Well i havent played the game for ages, because i still can't get past them  thinking maybe I'm too weak at the moment. Theres a big beholder 3 smaller beholders AND THEN shadow wolves (or whatever they are) come and attack me 



			
				Frey Slayer said:
			
		

> I usually would rely heavily on the thieves trap ability. Those things did tons of damage, even to the mind flayers.



Problem is that my thief never seems to suceed at doing them! Plus its quite hard to draw the beholders out - but i ll keep trying it that way.



			
				Frey Slayer said:
			
		

> I I also liked firing the wand of cloudkill into areas I knew contained hard monsters. Killed the dragon that way.



Looks like I'm going to have be hunting for a wand now! 



			
				Frey Slayer said:
			
		

> For melee combat I would usually set traps, send in as many summoned monsters as I could (fire elementals are vital!) then start pelting them with spells and missile. weapons. If they dispatched the summoned creatures and moved towards me, they would get hit with the traps before they got there and gave me plenty of time for more spells.

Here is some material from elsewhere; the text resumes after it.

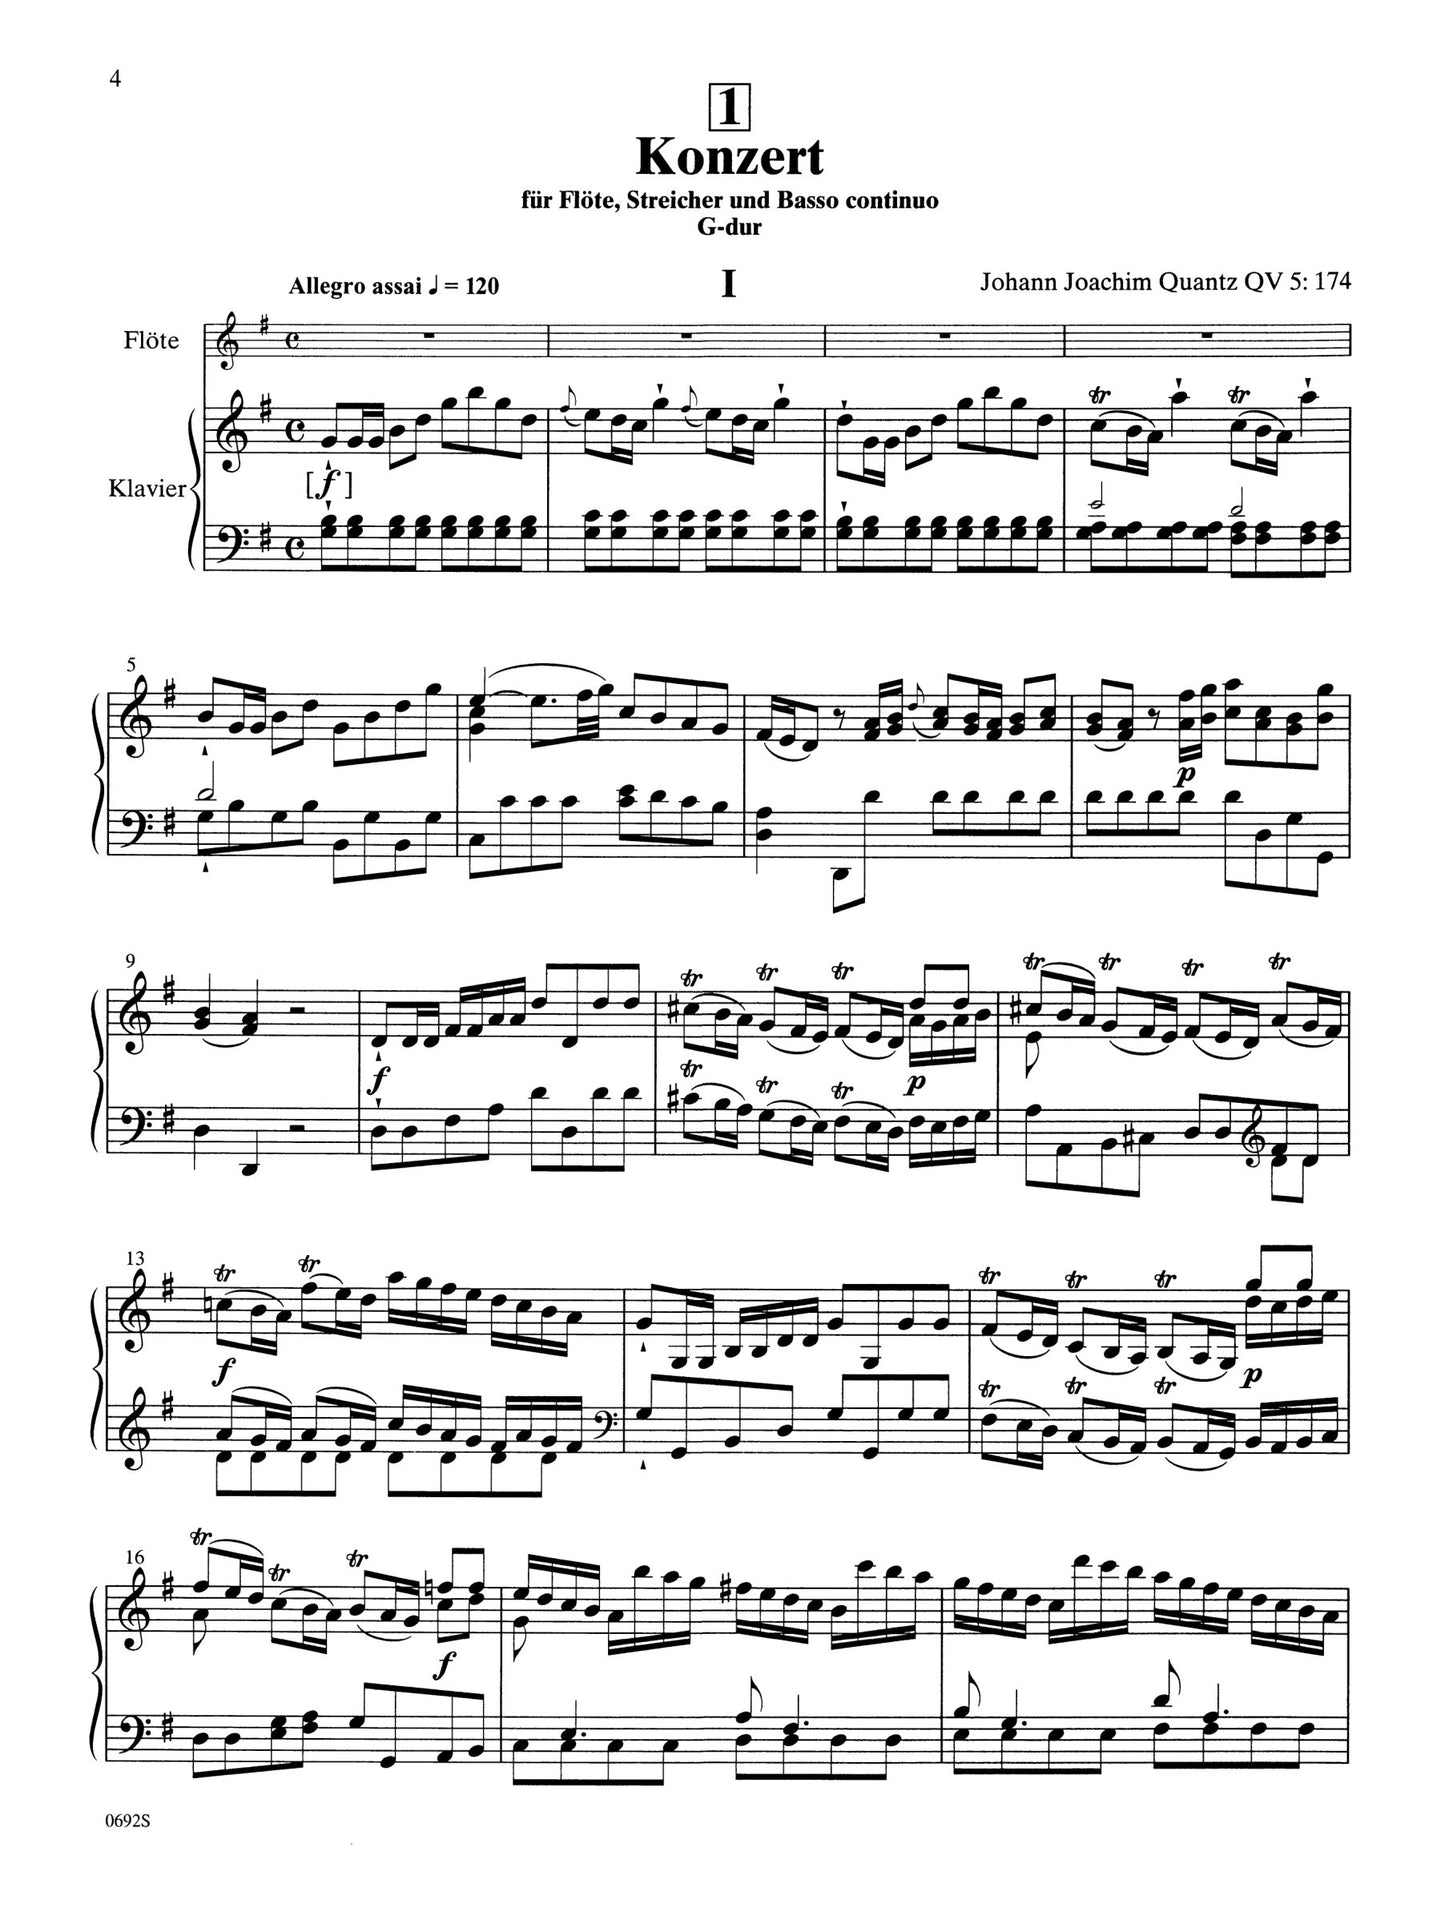 Suzuki Flute School - Volume 8 Piano Accompaniment Book

I'll give that method a try! Haven't summoned many creatures yet, i only have the one mage (me! )



			
				Frey Slayer said:
			
		

> Hope that helps some, you may have already figured a lot of that out!



Well I'll give it a try and let you know! thanks a lot! fingers crossed! hate having to go back to a previous save game!!



			
				The Master™ said:
			
		

> A good range weapon or ranged spell can do some serious damage to most of these types of creature...



Not enough to kill them though! then i have the problem of trying to stay alive


----------



## Frey Slayer (Aug 3, 2005)

I cant remember her name right now (Jaheira?), but the female druid will be the one who gets the nifty fire elemental spell! If you dont have her in the party, consider it. She also gets insect swarm, some heals, cures etc. Plus you can stick her in armor and send her up front, or keep her back with a sling. 

If Yoshimo has problems with his traps, save just before trying to set them and reload if you dont get enough. He should be decent at it, I remember using them to kill the golems in the keep during the first part of the game.  

I cant remember where the wands were...Im wondering if I bought it somewhere?????


----------



## Wolfeborn (Aug 4, 2005)

ok beholders are easy invis and fireball works very well, or theif with boots of speed hide and either soem sort of powerfull, wand or pull them ou can split them up and take them out one at a time by getting them to chase the theif is difficult tactic though.  best way is get thief to invis and set trap off, remember boots of speed though that weay you can get waay esy.


----------



## Trey Greyjoy (Aug 4, 2005)

Wolfeborn said:
			
		

> ok beholders are easy invis and fireball works very well, or theif with boots of speed hide and either soem sort of powerfull, wand or pull them ou can split them up and take them out one at a time by getting them to chase the theif is difficult tactic though. best way is get thief to invis and set trap off, remember boots of speed though that weay you can get waay esy.


 
That is a good point, be sure to pull them one at a time!


----------



## Wolfeborn (Aug 5, 2005)

wow just realised how many spelling mistakes in that post lol


----------



## kaneda (Aug 7, 2005)

Where can i get the boots of speed from? 

Even though i havent beat them in the game, last night I did have a dream that i did beat them using the trap method (i played the thief - gosh how sad am i, im dreaming im a rpg character )


----------



## kaneda (Sep 3, 2005)

Well i beat the first lot of beholders, then i got confronted with a whole area of beholders (i was doing the quest of the unseeing eye for the temples if any of you rememeber). Got battered. Then i cast spell deflection - and that worked a treat! was able to go in with fireballs and cloudkill. 

I am most happy now to be done with that area now hehe


----------



## Trey Greyjoy (Sep 3, 2005)

Grats man!  I knew you could do it!


----------